Before calling this method, a full contraction must have been performed (by calling
contract()
), otherwise an error is raised.- Parameters
output_gradient – A tensor of the same package (NumPy/CuPy/PyTorch), shape, dtype, strides, and location (CPU/GPU) as the contraction output (as returned by
contract()
), which in turn shares the same properties with the input operands. In a chain-rule setting,output_gradient
is the gradient w.r.t. the output tensor.stream – Provide the CUDA stream to use for the gradient computation. Acceptable inputs include
cudaStream_t
(as Pythonint
),cupy.cuda.Stream
, andtorch.cuda.Stream
. If a stream is not provided, the current stream will be used.release_workspace – A value of
True
specifies that theNetwork
object should release workspace memory back to the package memory pool on function return, while a value ofFalse
specifies that theNetwork
object should retain the memory. This option may be set toTrue
if the application performs other operations that consume a lot of memory between successive calls to the (same or different) execution API such asautotune()
,contract()
, orgradients()
, but incurs a small overhead due to obtaining and releasing workspace memory from and to the package memory pool on every call. The default isFalse
.
- Returns
A sequence of gradient tensors. The result is of the same length and type and on the same device as the input operands. For the gradient components that are not requested,
None
is returned.
Note
For PyTorch operands, calling this method is not tracked by the autograd graph.
Warning
This API is experimental and subject to future changes.

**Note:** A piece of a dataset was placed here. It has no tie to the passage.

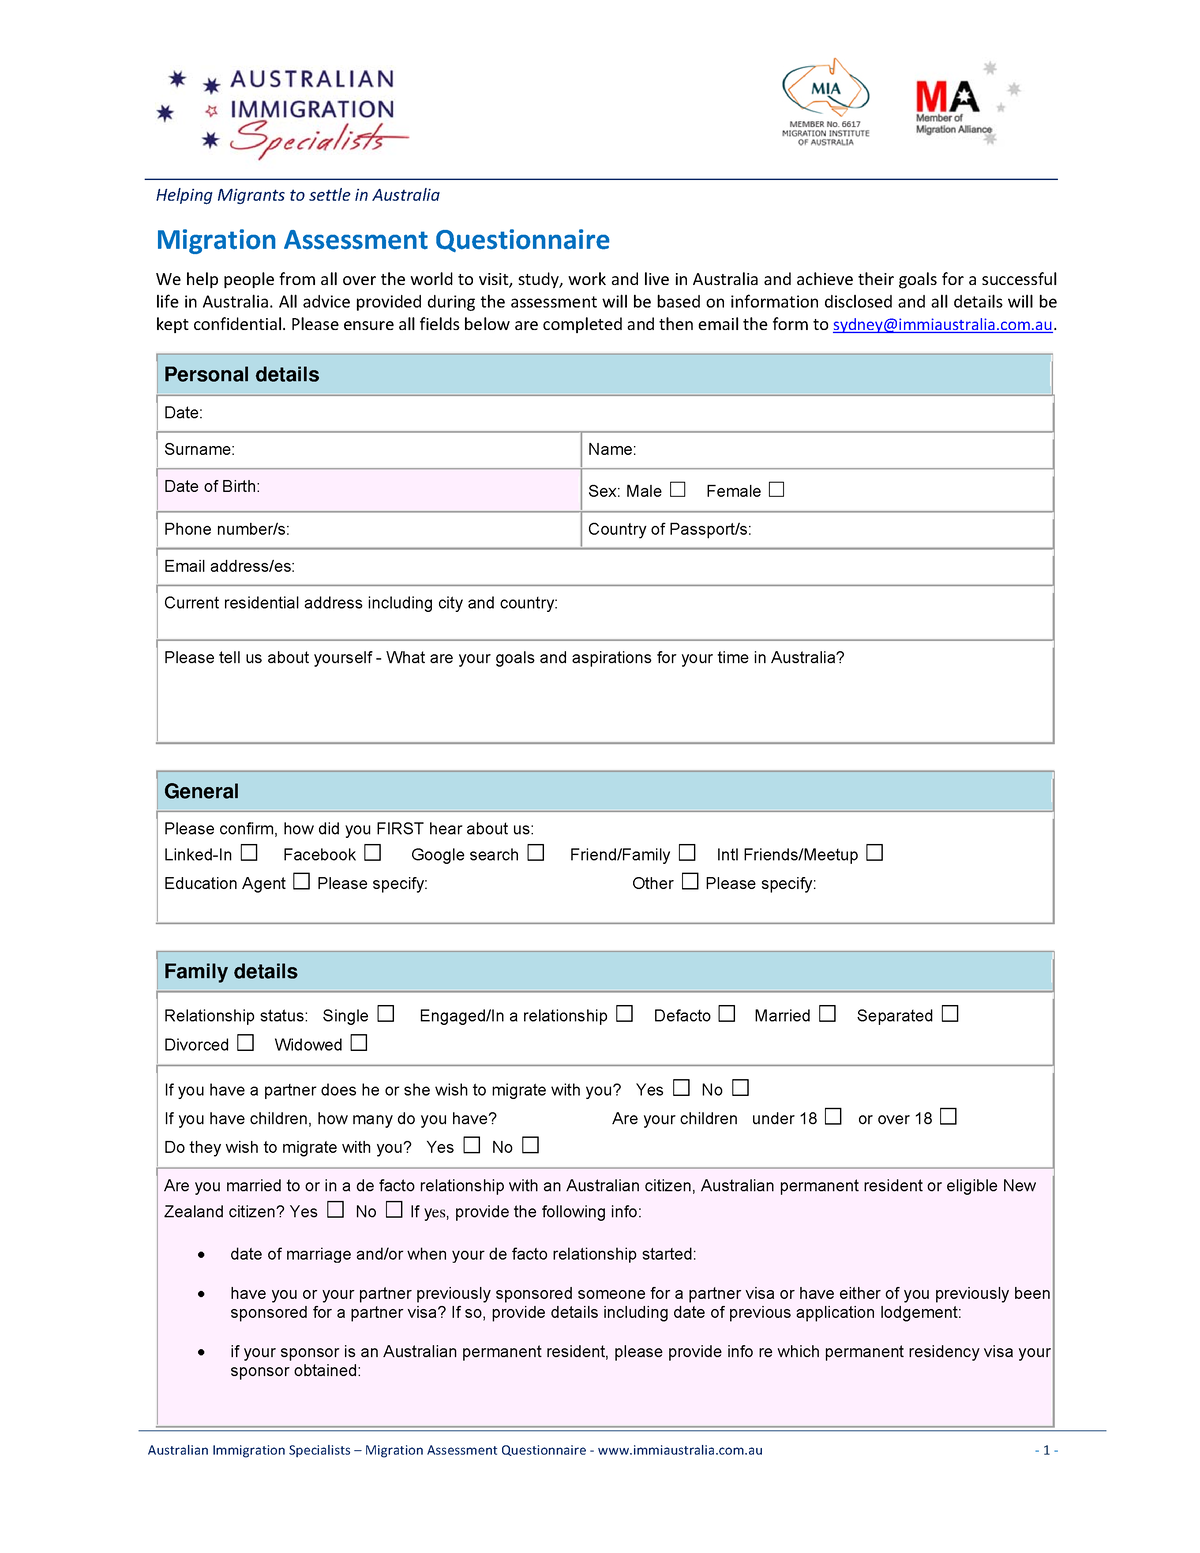 AIS Migration Assessment Questionnaire - Migration Assessment ...

- reset_operands(*operands, stream=None)[source]¶
Reset the operands held by this
Network
instance.- This method has two use cases: (1) it can be used to provide new operands for execution when the
original operands are on the CPU, or (2) it can be used to release the internal reference to the previous operands and make their memory available for other use by passing
None
for theoperands
argument. In this case, this method must be called again to provide the desired operands before another call to execution APIs likeautotune()
,contract()
, orgradients()
.
This method is not needed when the operands reside on the GPU and in-place operations are used to update the operand values.

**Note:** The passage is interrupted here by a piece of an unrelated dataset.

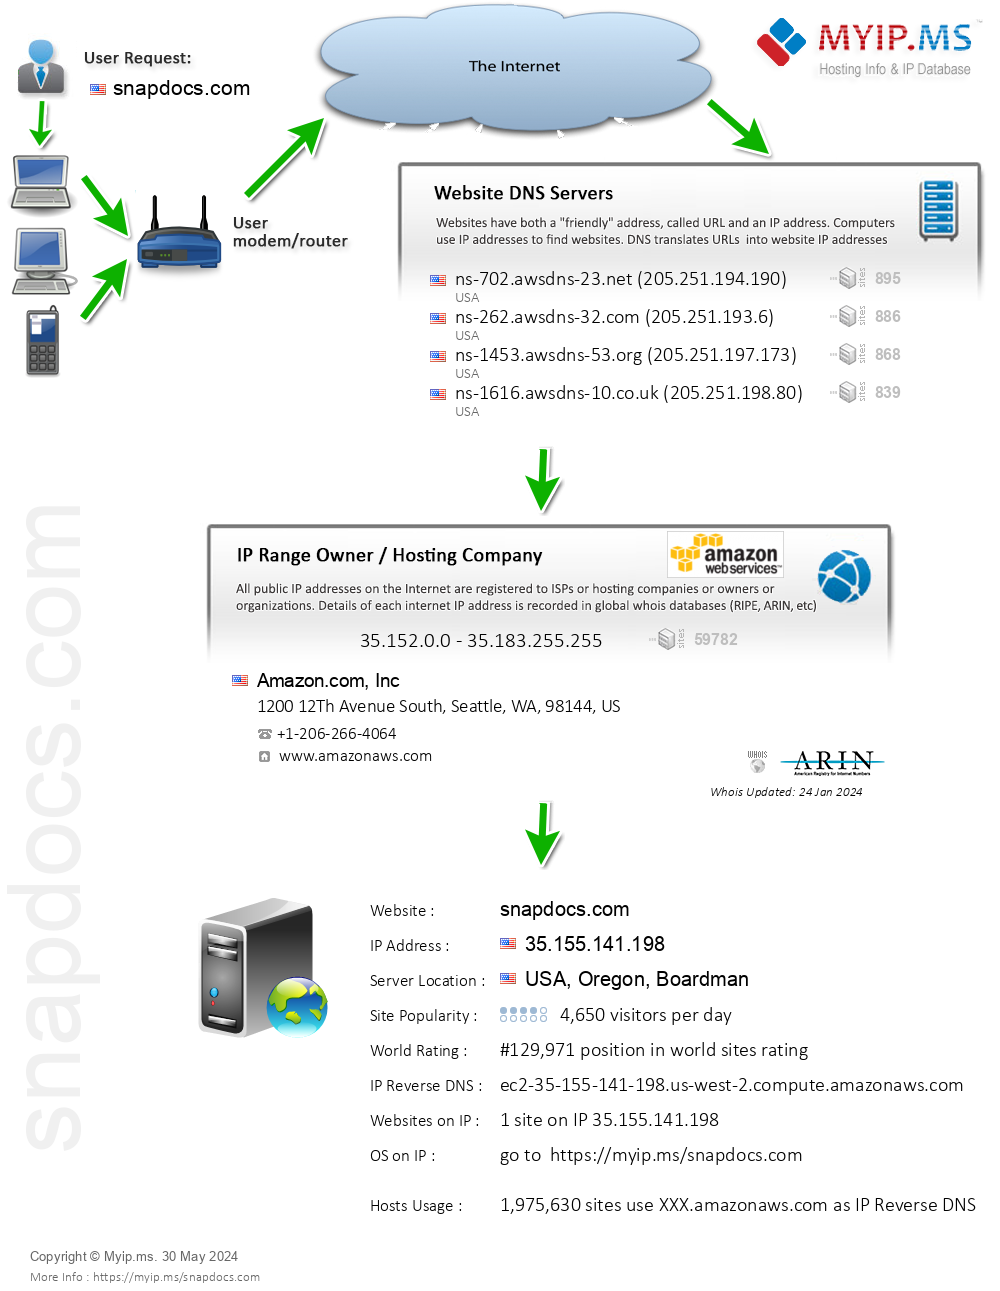 Snapdocs.com - Website Hosting Visual IP Diagram

This method will perform various checks on the new operands to make sure:
The shapes, strides, datatypes match those of the old ones.

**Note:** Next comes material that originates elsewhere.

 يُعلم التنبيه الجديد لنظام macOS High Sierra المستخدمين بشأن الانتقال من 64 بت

The packages that the operands belong to match those of the old ones.
If input tensors are on GPU, the library package and device must match.
- Parameters
operands – See
Network
’s documentation.stream – Provide the CUDA stream to use for resetting operands (this is used to copy the operands to the GPU if they are provided on the CPU). Acceptable inputs include
cudaStream_t
(as Pythonint
),cupy.cuda.Stream
, andtorch.cuda.Stream
. If a stream is not provided, the current stream will be used.